◆ **What is being asked**: Give again, unaltered, the lines of the listing below that run from the line having "certyfikat_ISO14001-2015_akredytacja_PCA_pl" through the line having "Louis Vuitton - Sac".

◆ **Dataset excerpts**:
++++++++++

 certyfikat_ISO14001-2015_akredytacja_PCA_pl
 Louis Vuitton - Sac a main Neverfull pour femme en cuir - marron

++++++++++

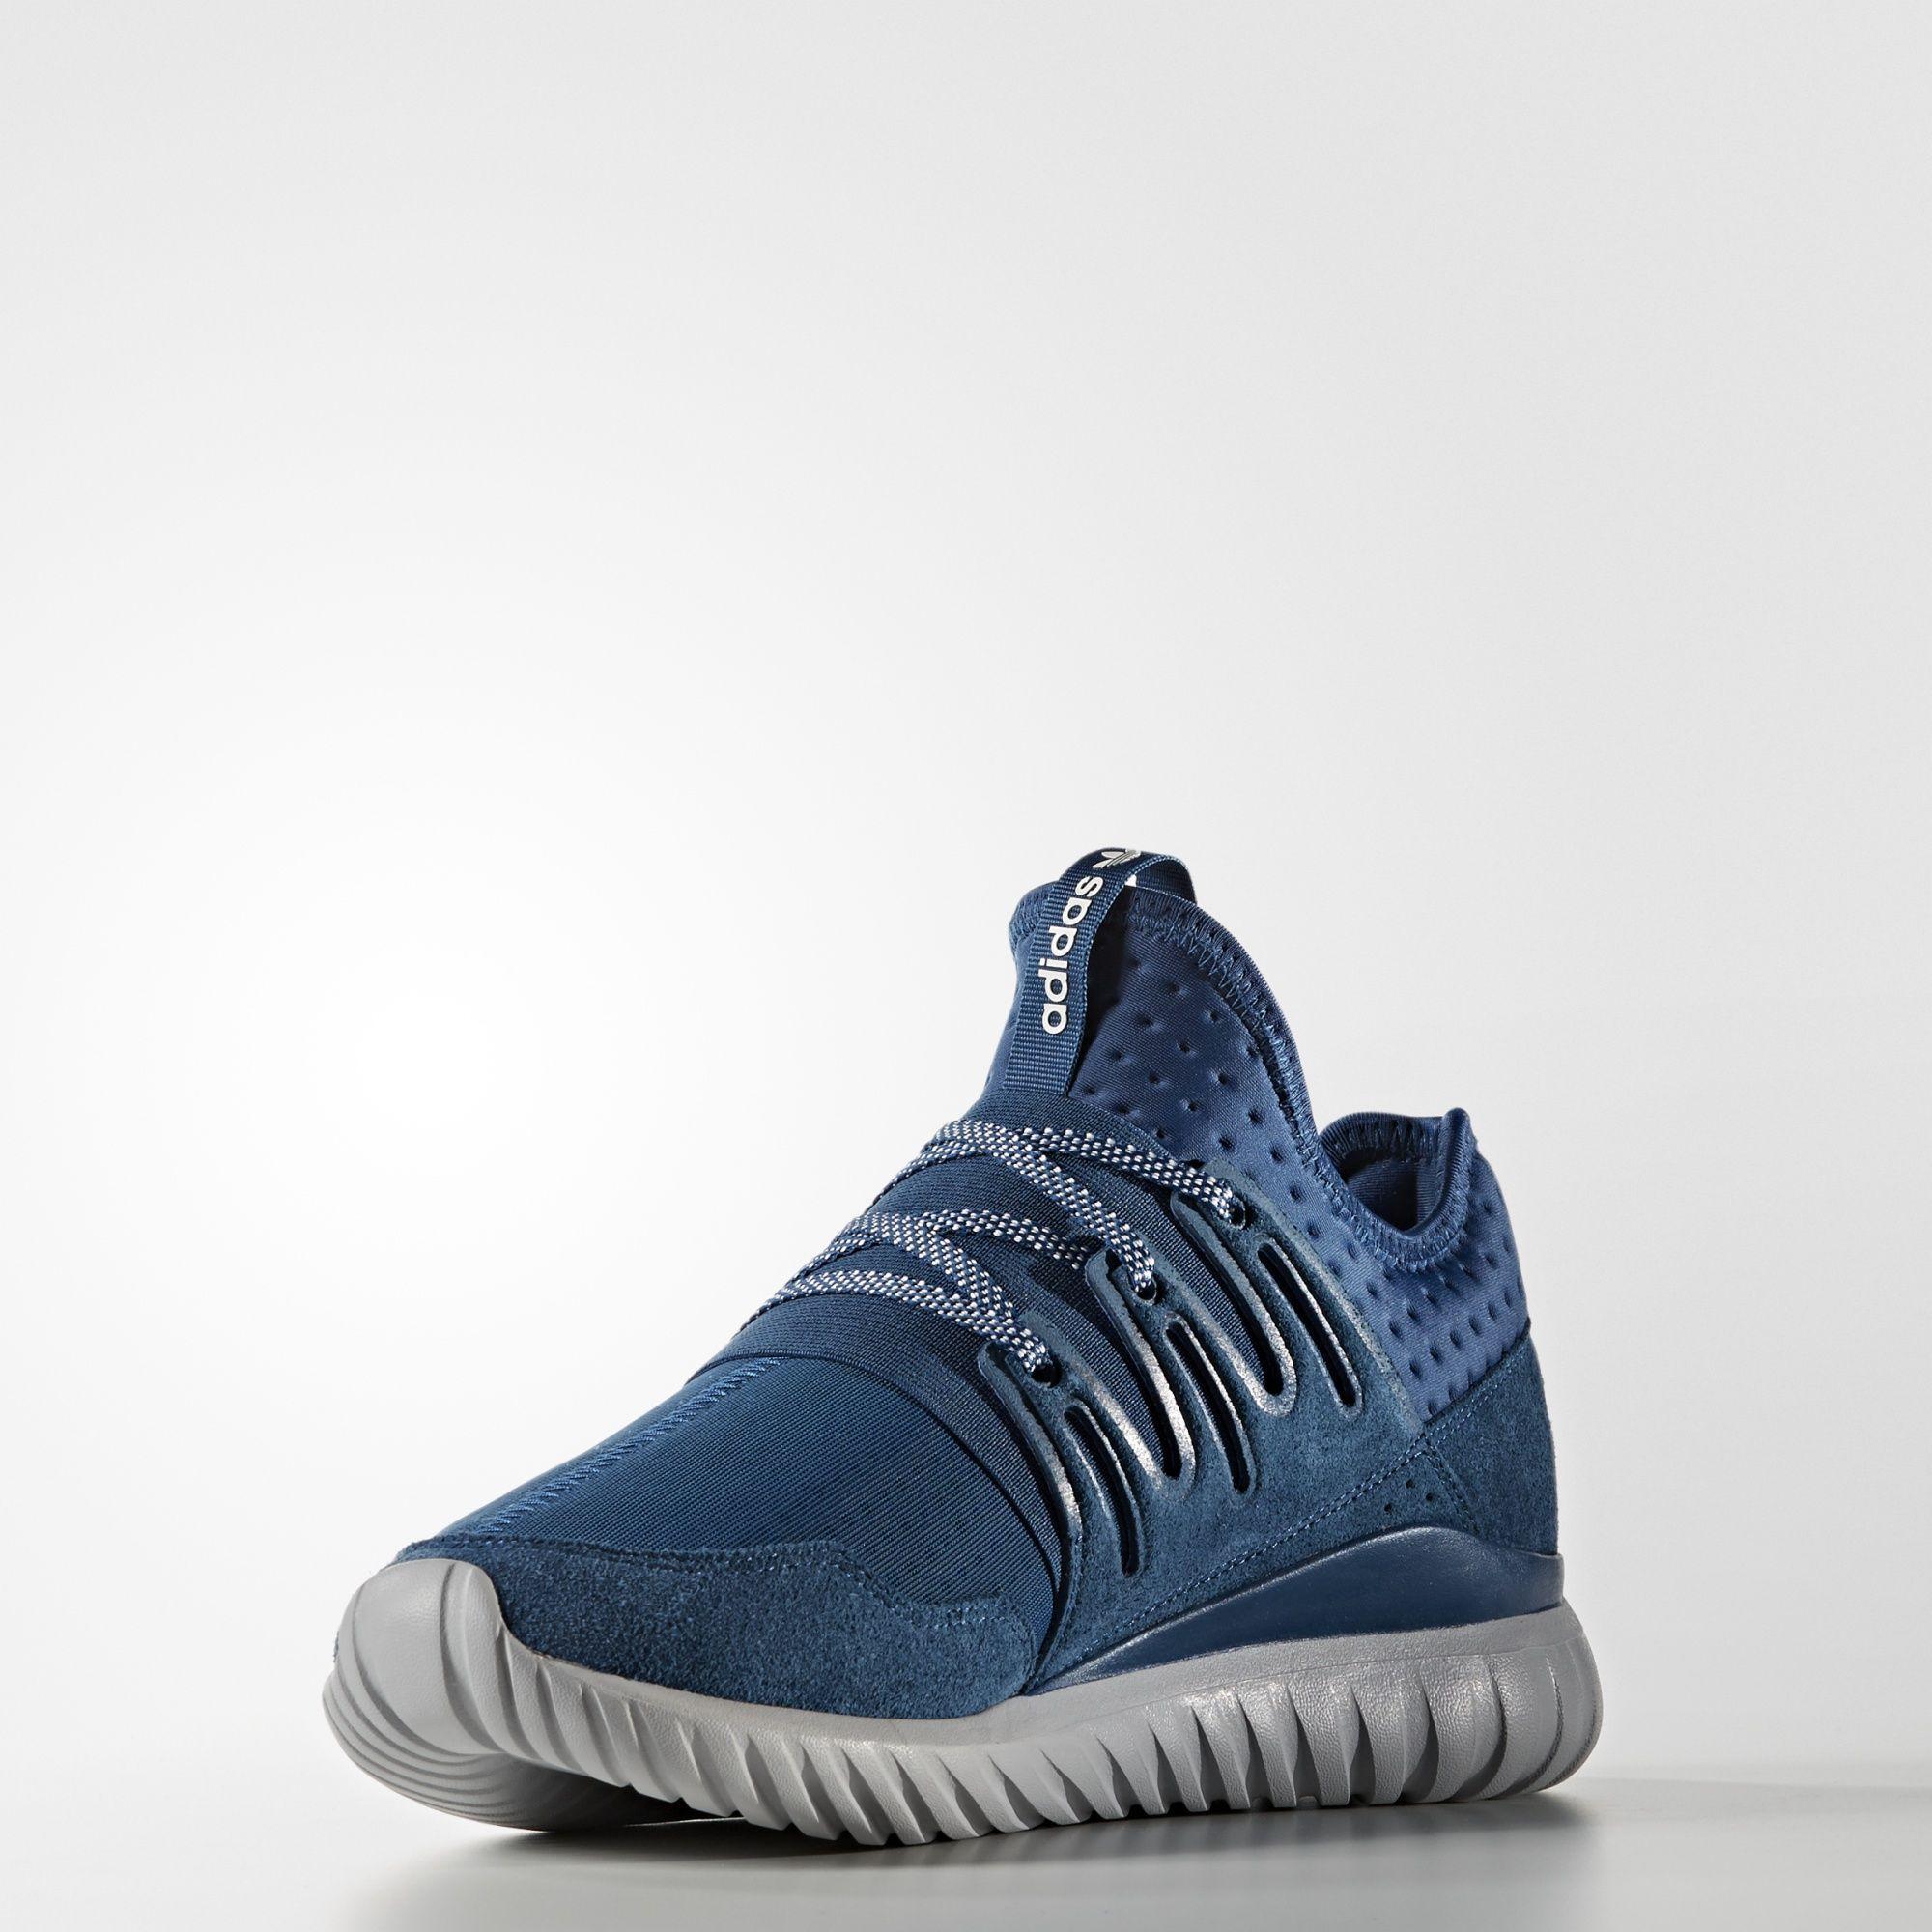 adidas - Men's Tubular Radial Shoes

++++++++++

◆ **Response to the exercise**:
 certyfikat_ISO14001-2015_akredytacja_PCA_pl
 Louis Vuitton - Sac a main Neverfull pour femme en cuir - marron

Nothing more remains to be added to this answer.